C'est impressionnant comment les gens sont gentils ici. Je sais, je radote. Impossible de ne pas le remarquer. Tout le monde (même les passants, là, faut dire qu'un grô à barbe, ils voient pas ça souvent j'imagine) me sourit tout le temps, me souhaite bonne journée («Mo'ning!) ou bonne soirée ('vening!). C'est presque rendu que mon café est déjà prêt quand je rentre au Starbuck's wannabe.

Depuis jeudi dernier, on a changé notre horaire. On travaille maintenant pendant la journée car on rencontre souvent le client et bon, je ne pense pas que ça leur tente bin bin de venir s'amuser avec nous dans le cinéma à 4h du matin (pourtant, on a du fun noir. C'est juste platte qu'ils vident et nettoient tout le temps la machine à fuff corn avant de partir. Ça donne le goût d'en manger car ça sent non-stop le faux beurre). Le changement d'horaire m'a fucké le décalage bien comme il faut. Je n'avais pas eu trop de misère lors de l'arrivée (j'ai dormi 10 heures en ligne et ça s'est placée tout seul). Là, j'ai eu de la misère à pogner le beat (image d'Alex qui dance comme un 2 x 4 en tentant de suivre l'horaire, ça aide à se faire une idée?) en maudit. Plusieurs journées de 3 heures de dodo, même hier, j'ai dormi à peine 6 heures. Là, je finis ce billet puis je vais me coucher même s'il ne sera pas 19h00. Je me fais des White Russians à 275 000$ le verre depuis 15h (J'aime ça faire ma Michelle Blanc et flasher des gros prix). Si si. Ça devrait aider à assommer le bucheron. La vodka a coûté 1,4 million$. Le Kahlua a coûté 900 000$ et la crème, bin la crème a presque rien coûté. Genre 11 000$ ou un truc du genre. Mais elle est grasse à l'os alors ça fait les meilleurs white russians ever. Ça me fait penser: le lait au brunch de l'hôtel est plein gras aussi (si tu veux, y'a du «skim milk» aussi mais ça, c'est pour ceux qui veulent vivre vieux en ayant une vie platte. Enfin). Dieu que c'est bon. Un grand verre à tous les matins derrière la cravate. Ça démarre la journée bien comme il faut en te bouchant les artères adéquatement. Fuck le jus de kiwi. Bof, tsé, on aura toujours le temps de les débloquer une fois à l'hospice.

Comme épitaphe: Il fut Alex Lauzon et but son lait bien gras.

En vrac de ce billet en vrac:
- Dans chaque chambre, il y a une balance alors pour le plaisir de la chose, je me pèse à chaque matin. La balance de la 3e chambre que j'ai eu, pour une journée seulement, m'a rétréci de 10 kilos. Je lui ai dit merci pour le compliment. Maudite menteuse. J'ai perdu 1 kilo au maximum. La crème aidera sûrement à le retrouver.

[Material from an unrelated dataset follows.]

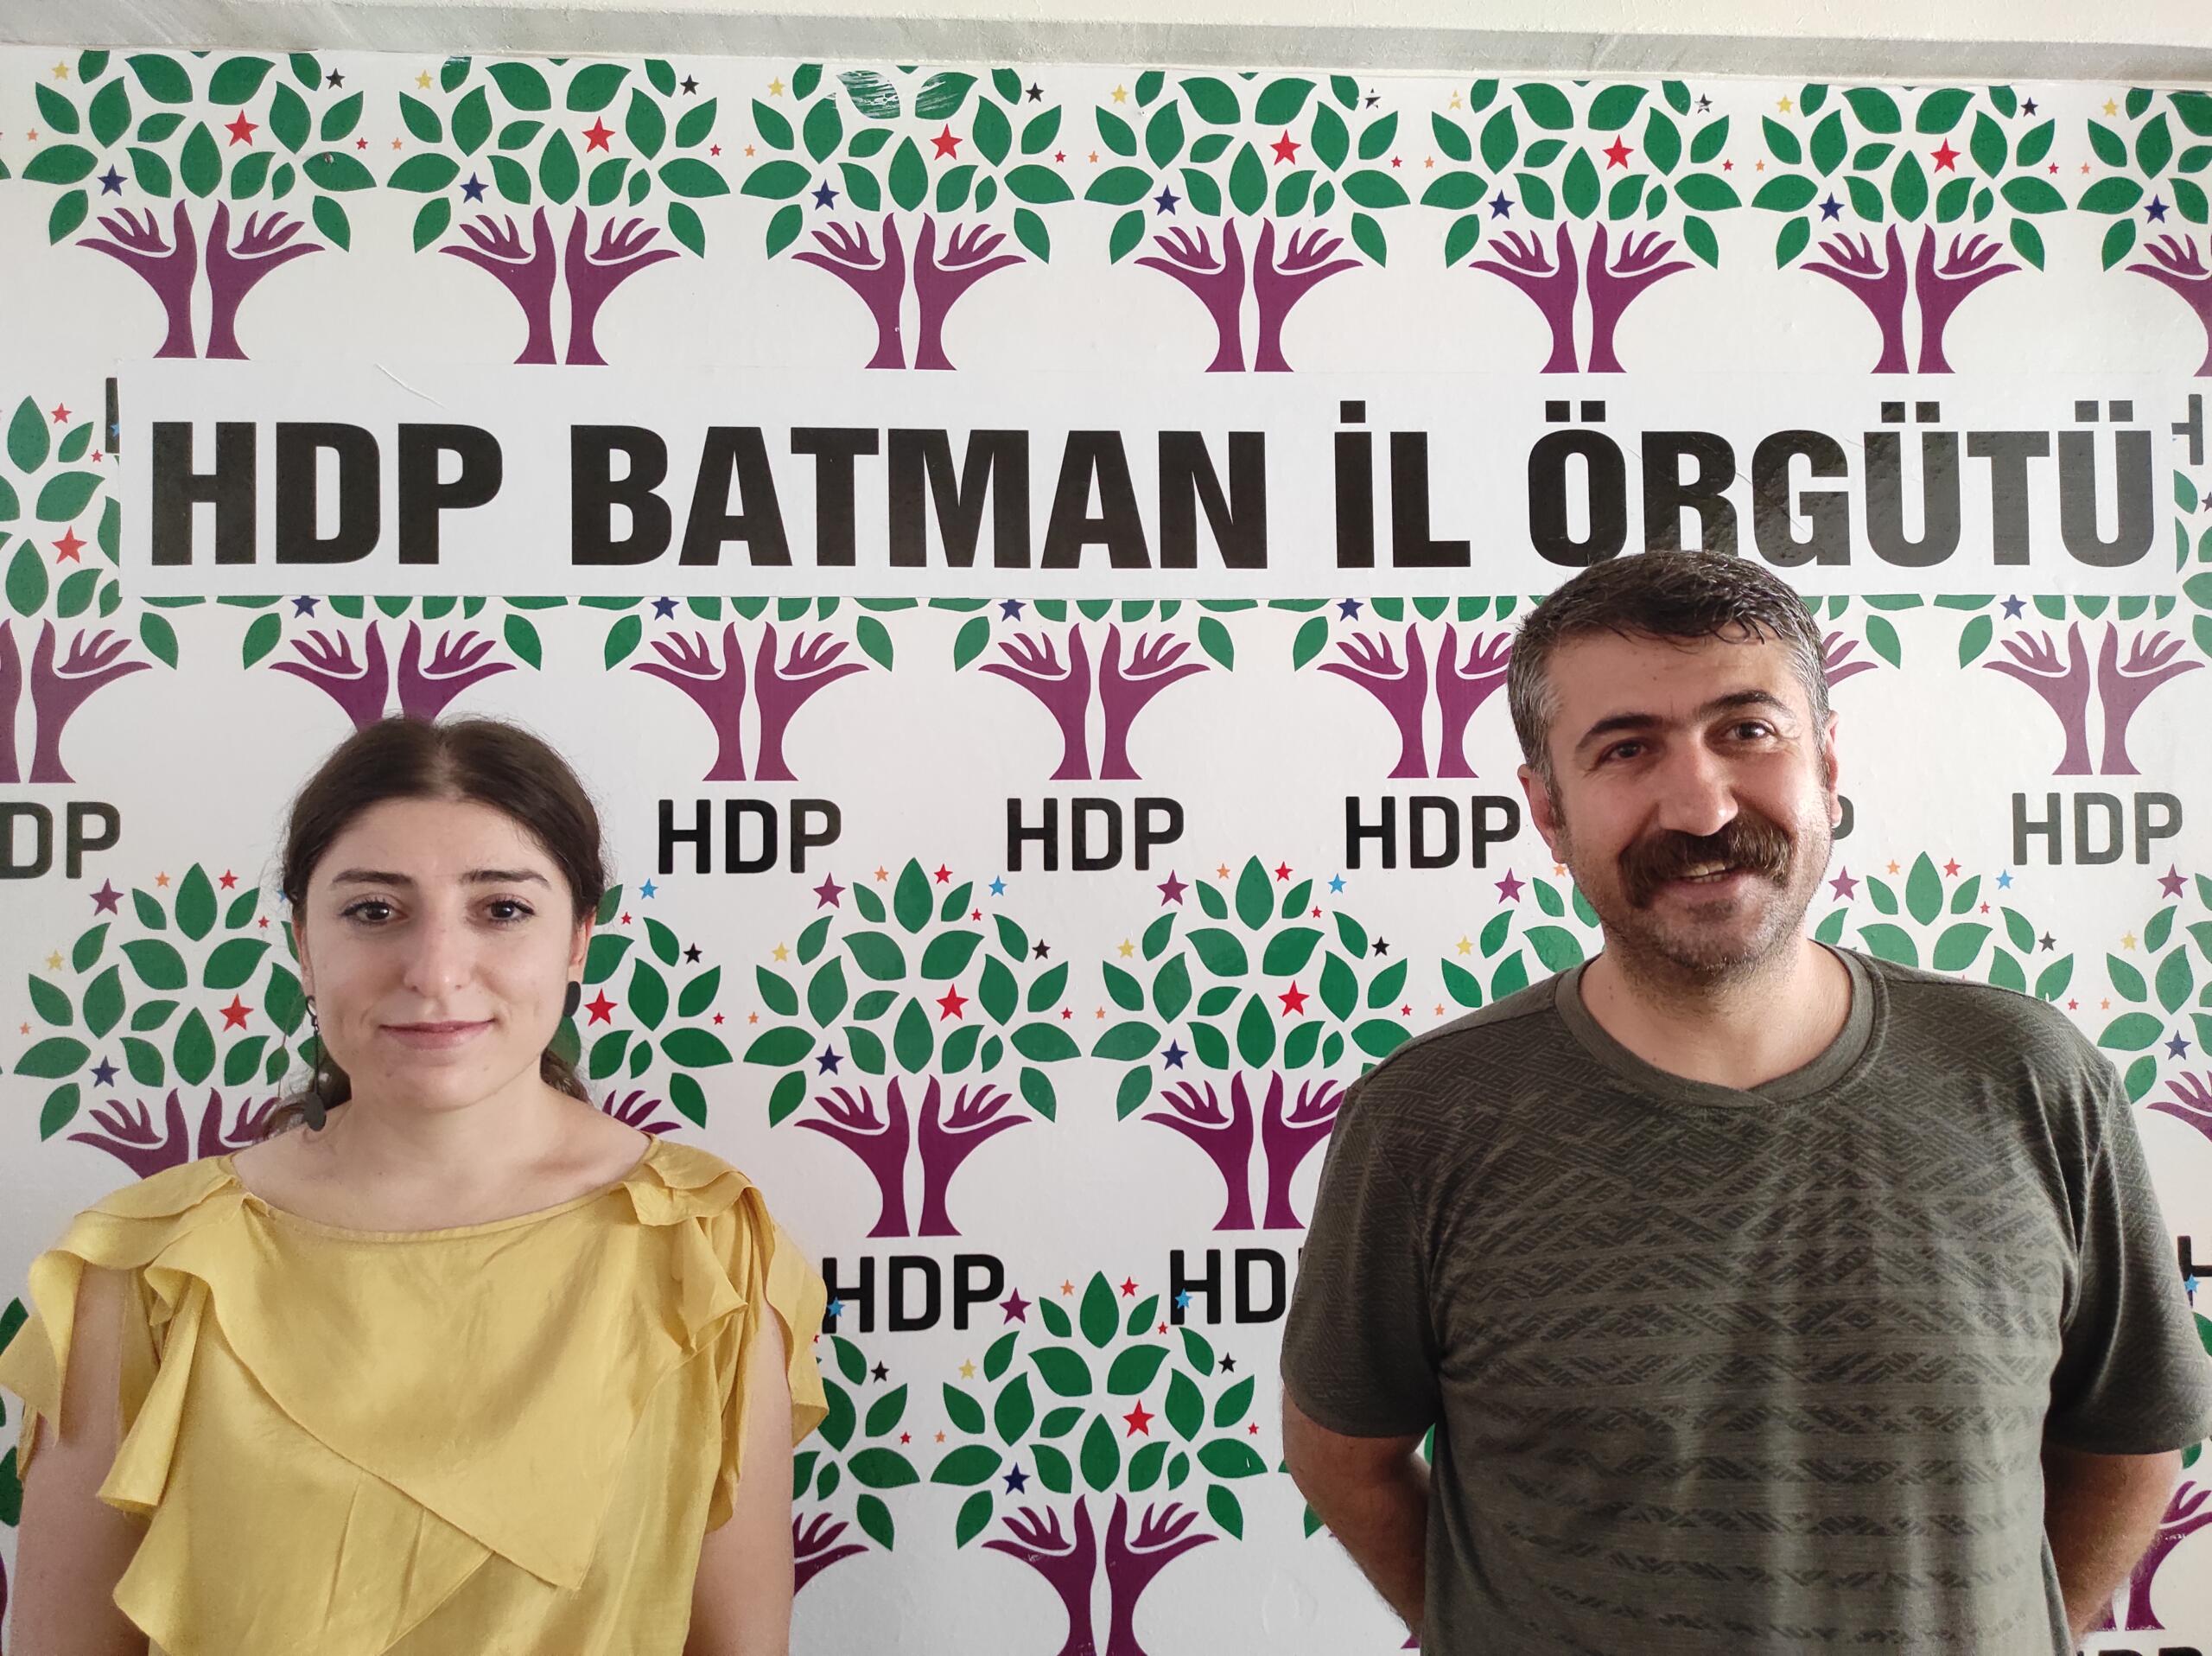 HDP Batman il örgütünden bayram mesajı

- Ici, le #flushgate, il est juste un peu après la courbe qui mène à une grande terrasse de restaurants. Juste avant d'y arriver, ça sent toujours intensément les égoûts, peu importe le moment de la journée. J'ai tu dis intense? Oui monsieur, intense pour vrai. Au début, on fait «woooohh, ça sent le caca hin.», puis on en revient, c'est quand même pas le Pérou (façon de parler, je sais pas si le Pérou sent fort). Pis là, quand ça fait deux semaines que tu passes 2 fois / jour, tu finis par trouver ça plutôt dégeulasse. Calvince qu'on pue quand même.